Reading (tricky) Data Into SAS

#1
Hello Every One,

I am new to SAS, here is the input file we have, need to get the output as listed below.

  • Need to delete ''====".
  • Need to list Male/Female under Gender Column
  • Need to list 20/30 under AgeGroup column

Thanks in Advance. :rolleyes:



Input Data




Code:
Female  20 
=================
Name	Dept
=================
Mary	IT
Jill	Sales

Male	30
=================
Name	Dept
=================
Tom	IT
John	Sales



OUT PUT


Code:
Gender	AgeGroup   	Name	Dept

Female	20		Mary	IT
Female	20		Jill	Sales
Male	30		Tom	IT
Male	30		John	Sales
 
#2
reading hierarchical text with junk lines

There could actually be a few sticky points on this, but in general it isn't too bad.

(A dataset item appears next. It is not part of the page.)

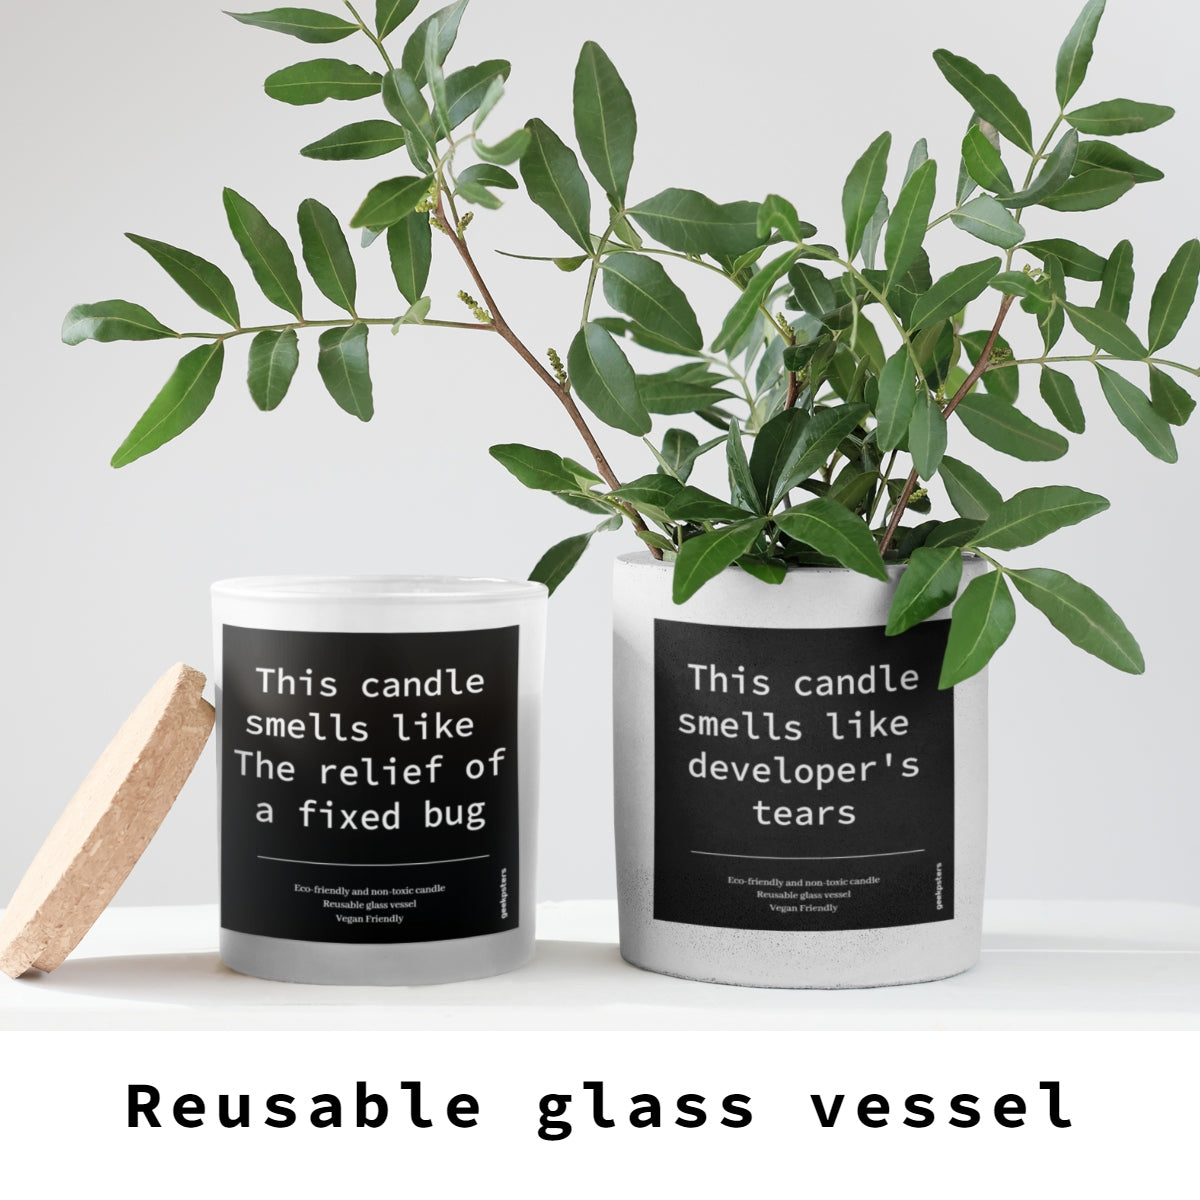 Two "This Candle Smells Like the Documentation Nobody Reads" scented soy candles in reusable glass jars with humorous labels, next to a green plant and wooden element, on a light background.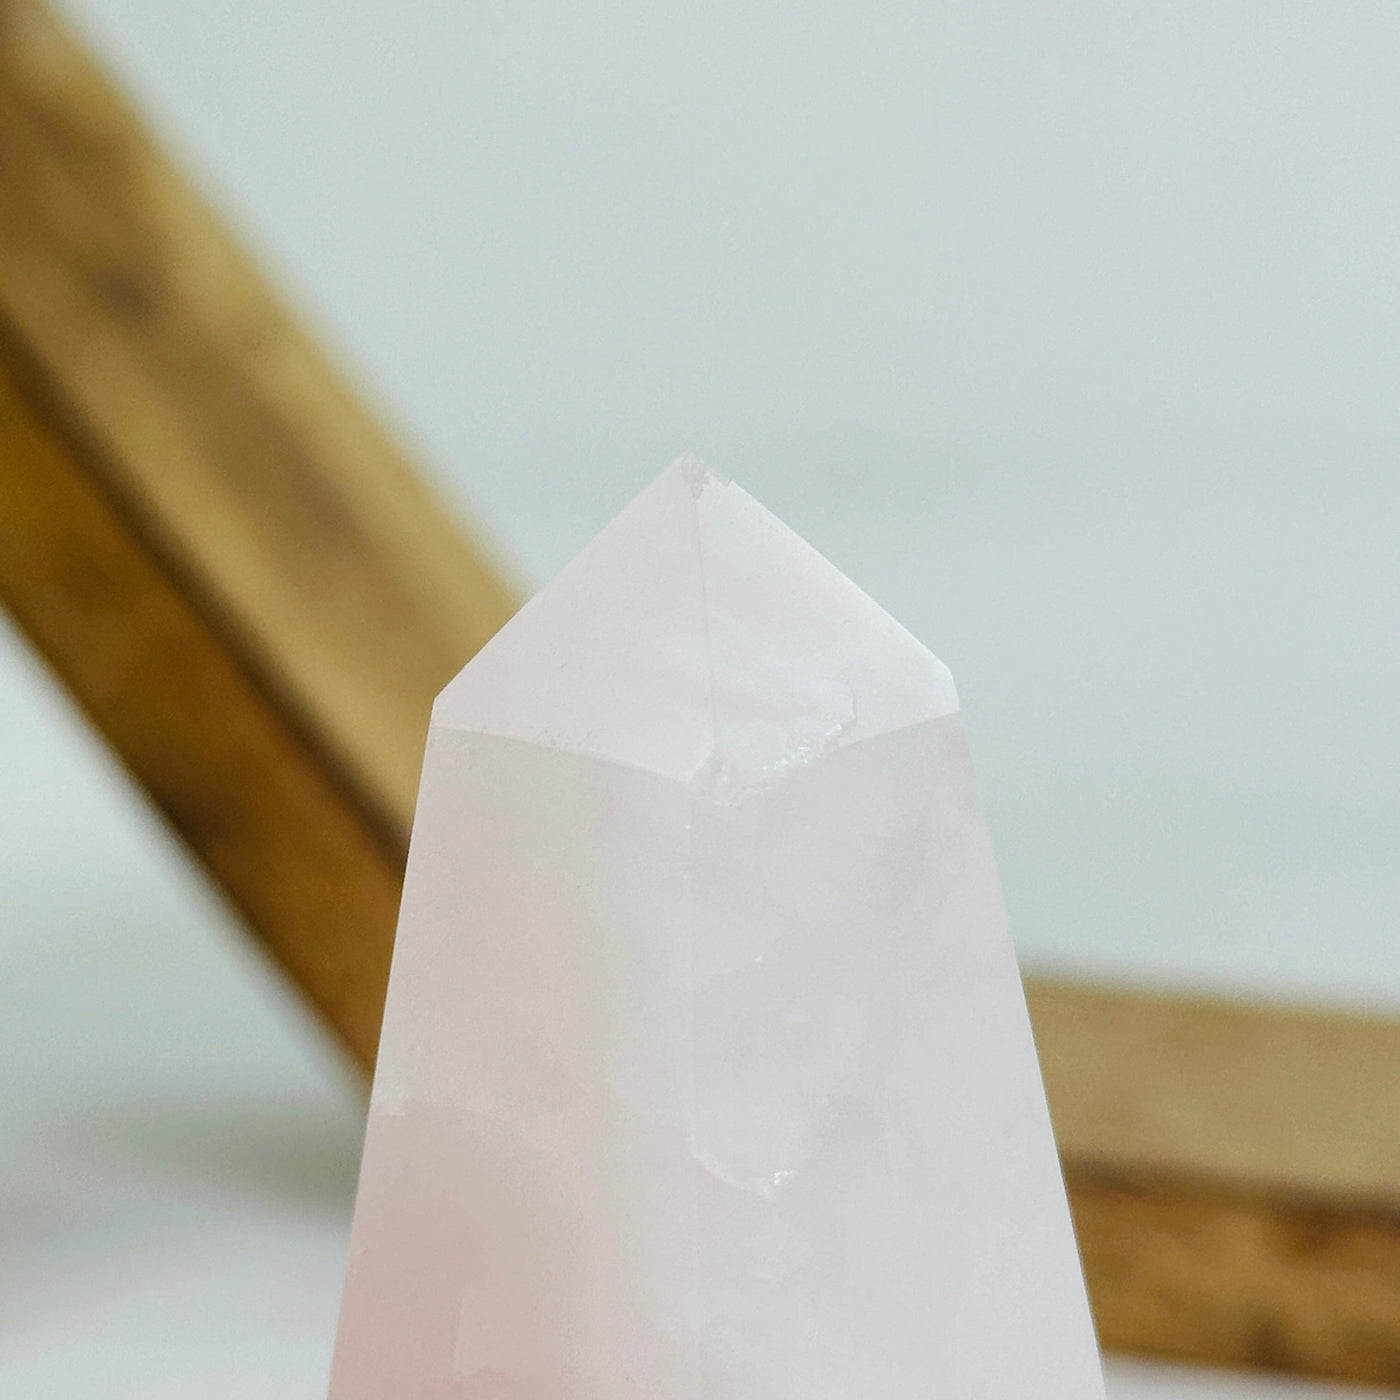 rose quartz polished tower with decorations in the background

DATA newfile; RETAIN gender age; DROP RECTYPE;
*retain is neccesary to hold onto the values for gender and age;
*rectype will be used to tell SAS what to do with each row of data. you don't want to keep it after that;
INFILE 'C:\JUNK\junksasfile.txt' lrecl=231 MISSOVER;
*infile is reading the file I saved with your example data;
*lrecl sets record length long enough to take any line;
*missover is used since there are different number of variables depending on type of line otherwise you get wrapping;

INPUT RECTYPE $ @;
*reads first string up to a blank, names it rectype;
*@holds the line open until you're done with it;
IF RECTYPE IN ('Female','Male') THEN DO;
INPUT Age;
Gender=rectype;
END;
*This block reads in gender and age;
*SAS reads the variables in order... first rectype then age. You'll drop rectype, so make gender = rectype;
*the retain statement will hold these values until it encounters another line starting with "male' or 'female';

ELSE IF RECTYPE='========' THEN DO;
delete;
end;
*this block deletes lines starting with a string of at least 8 '=' signs;
*default variable length for SAS is 8;

ELSE IF RECTYPE='Name' THEN DO;
delete;
end;
*gets rid of pesky label lines;

else do;
INPUT Department $;
Name=rectype;
OUTPUT;
END;
* thefirst variable is already read in, the next variable is department;
*rectype will be equal to the first eight characters of the name, so name=rectype;
run;

This will work for the data example you gave, but there are a couple caveats. If you have various types of names, like "John Q. Public" this won't work as it assumes a blank is a delimiter. If the 8 character string isn't long enough, you'll need to set a variable length and include a decimal point after the name in the input statement to tell SAS to scan until it finds the blank (this might also include specifying the delimiter). If you have those type problems, post again. I didn't spend much time checking this, the output file isn't exactly what you want but since it is a sas dataset it doesn't matter. If you want to spit out a flat file, you can find out how to do that pretty easilly.

Brian